Differential methylation analysis is of crucial importance for epigenetics research. Differentially methylated regions (DMRs), that is, regions that exhibit different methylation levels between two experimental conditions, for example, normal and cancerous, can be as small as a single base or as large as an entire gene locus, depending on the biological question of interest and the bioinformatics methods used for their identification [22]. Differential methylation analysis from MeRIP-Seq seeks to identify the differences in RNA methylome in a case-control study (e.g., cancerous and normal), which usually involves at least four high-throughput sequencing (HTS) samples, including the IP and input samples under both the case and control conditions. For affinity-based methods developed for DNA epigenetics (such as MeDIP-Seq and ChIP-Seq), since the absolute amount of DNA is most likely to stay unchanged between two conditions, the percentage of modified DNA molecule is linearly correlated with the absolute amount; thus the difference in methylation is consistent when measured in relative (percentage) and absolute amount. However, in MeRIP-Seq, due to the change in transcriptional expression level between two conditions, it is possible that while the absolute amount of methylated RNA increases, the relative amount (percentage of methylated RNA) decreases as shown in Figure 1. From computational perspective, the differential methylation analysis of RNA is quite different from that of DNA, and DNA differential methylation approaches [23], such as MOABS [24] and DMAP [25], may not be directly applicable to RNA. Until now, methods aiming at the differential analysis of MeRIP-Seq data do not extensively appear in literature. exomePeak [19, 21] is dedicatedly developed for differential RNA methylation analysis from MeRIP-Seq data. The detection of DMRs is based on rhtest [26], which is an extended version of hypergeometric test, computing the statistical significance of the difference in the percentages of methylated fragments between the two conditions, which directly indicates the difference in enzymatic regulation. Before the detection of DMRs, peaks (methylated regions) are called firstly from the transcriptome by comparing the IP with input sample by relative enrichment [7, 19, 27]. Only with the detected methylation sites can we effectively estimate the methylation level.
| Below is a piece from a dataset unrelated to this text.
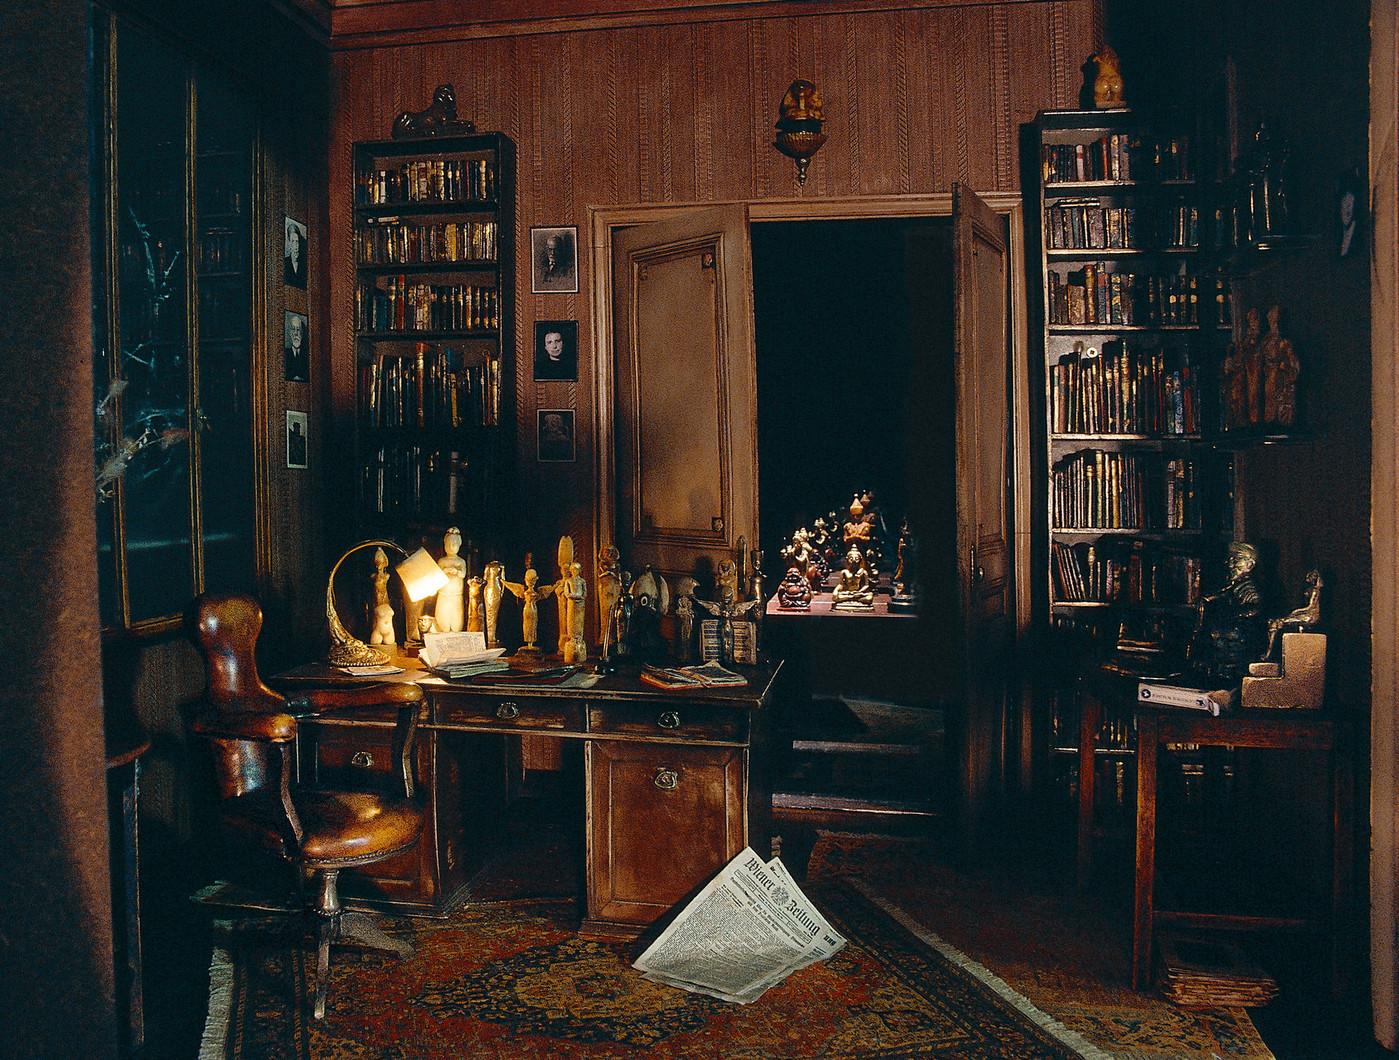 Cabinet-Sigmund-Freud-reproduit-miniature-lartiste-Charles-Matton-2002_0_1399_1060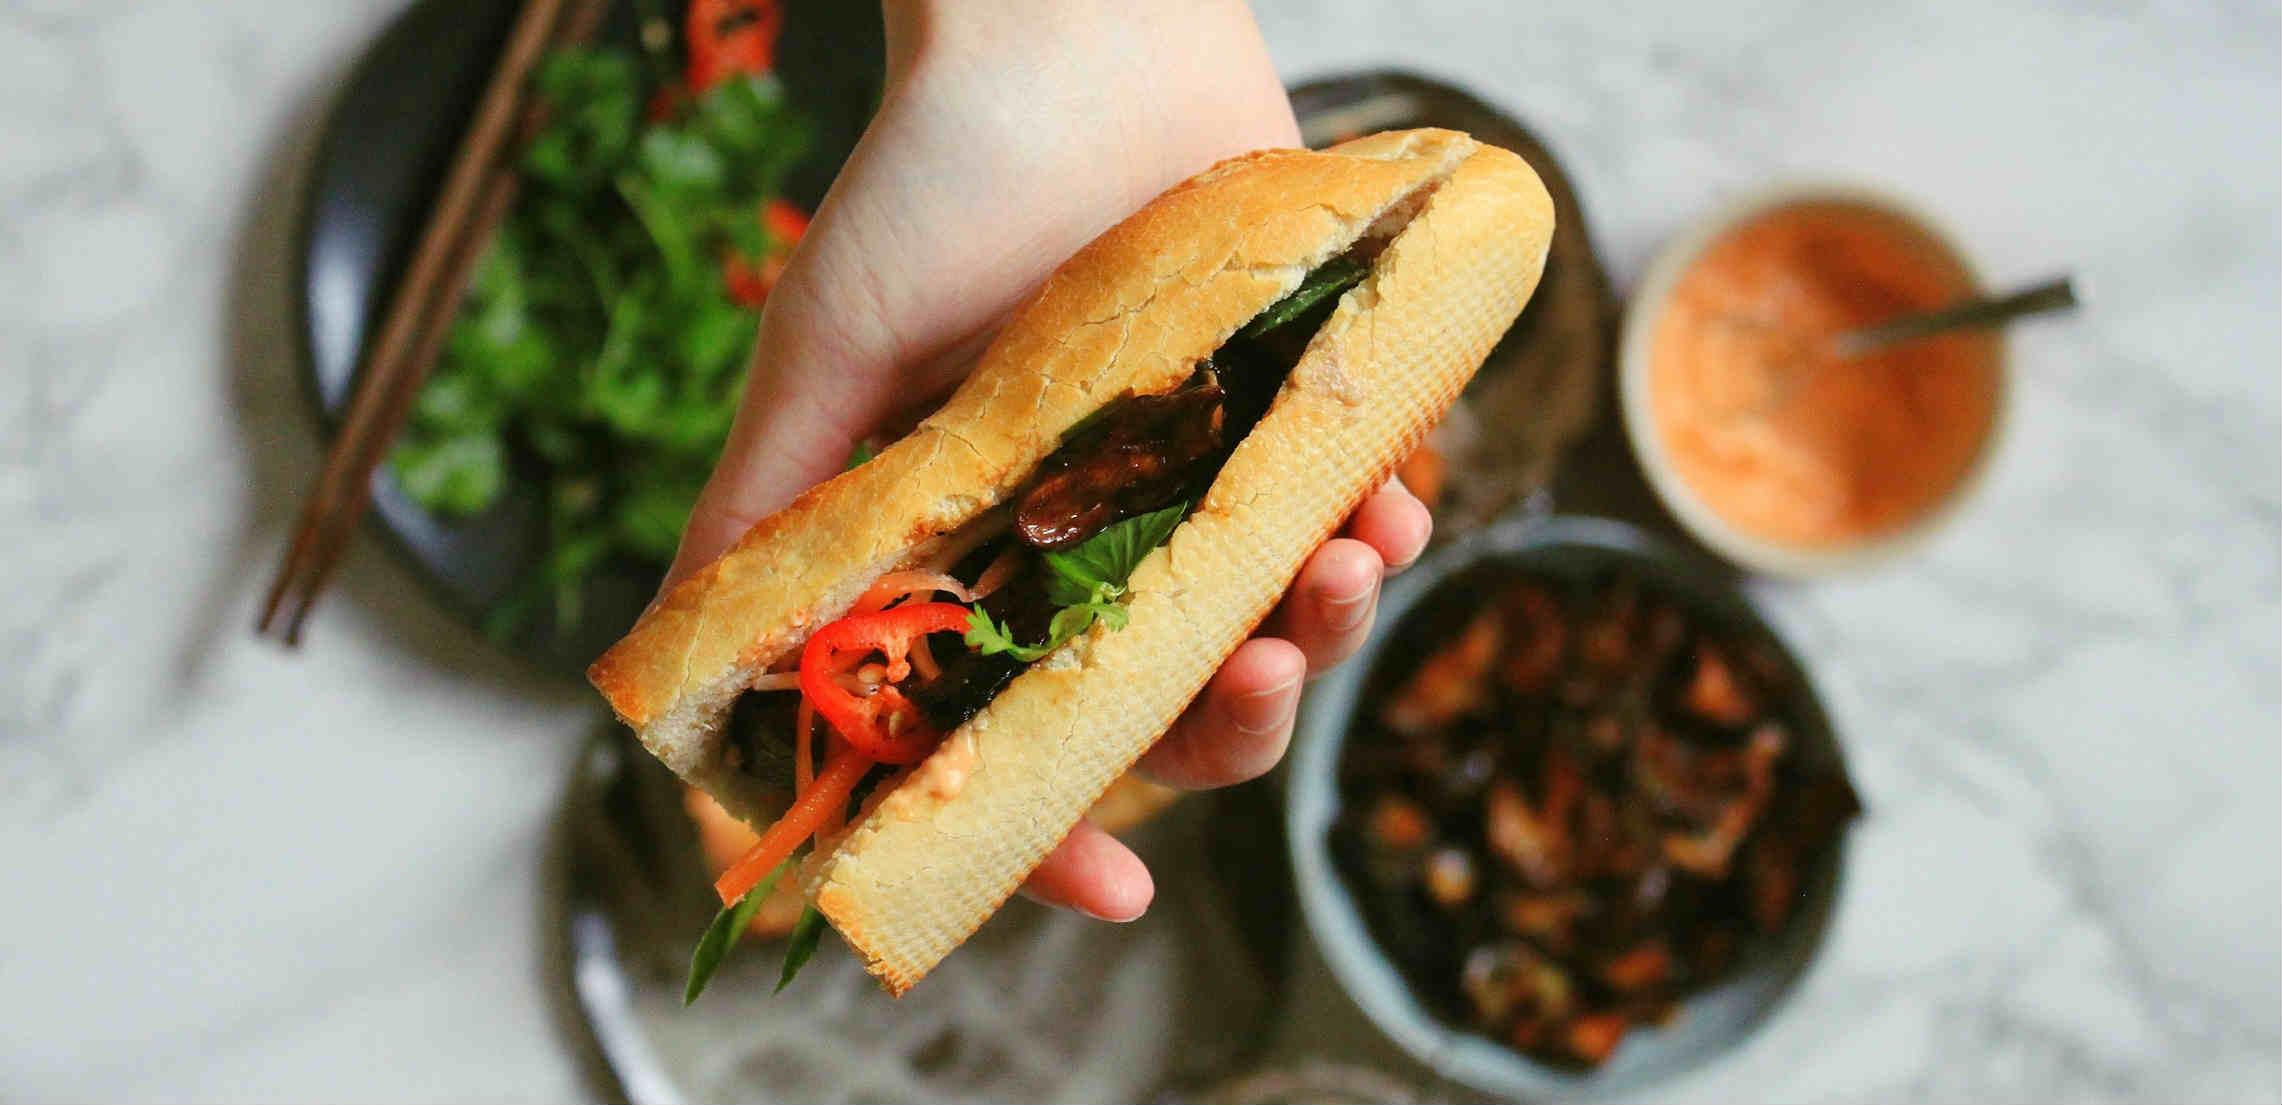 Vegan Vietnamese food in London

Affinity-based approaches cannot provide single-base resolution. Since multiple RNA methylation residuals may locate in proximity and cannot be effectively differentiated with peak calling procedure, they can appear as a single broad methylation site in the peak calling result from MACS [27] or exomePeak [19]. In many cases, this discrepancy can be trivial and does not significantly affect relevant study; however, it can be disastrous in differential methylation analysis, because multiple RNA methylation residuals can be regulated by different enzyme complexes and thus may be differentially methylated. Failing to identify the precise location of each methylation residual can lead to large bias in the estimation of its methylation level and in the comparison to a different condition. Currently, all existing methods for RNA differential methylation from MeRIP-Seq data are peak-based. In this paper, based on the rhtest method developed in exomePeak package [21], we proposed FET-HMM, a novel strategy for spatially enhanced differential RNA methylation analysis using hidden Markov model (HMM). When applying to the RNA methylation site detected from a peak calling algorithm, FET-HMM breaks a single site into multiple adjacent small bins and evaluates whether a specific bin is differentially methylated or not between two experimental conditions with spatial dependency incorporated by HMM. Figure 2 shows the comparison between existing and our methods.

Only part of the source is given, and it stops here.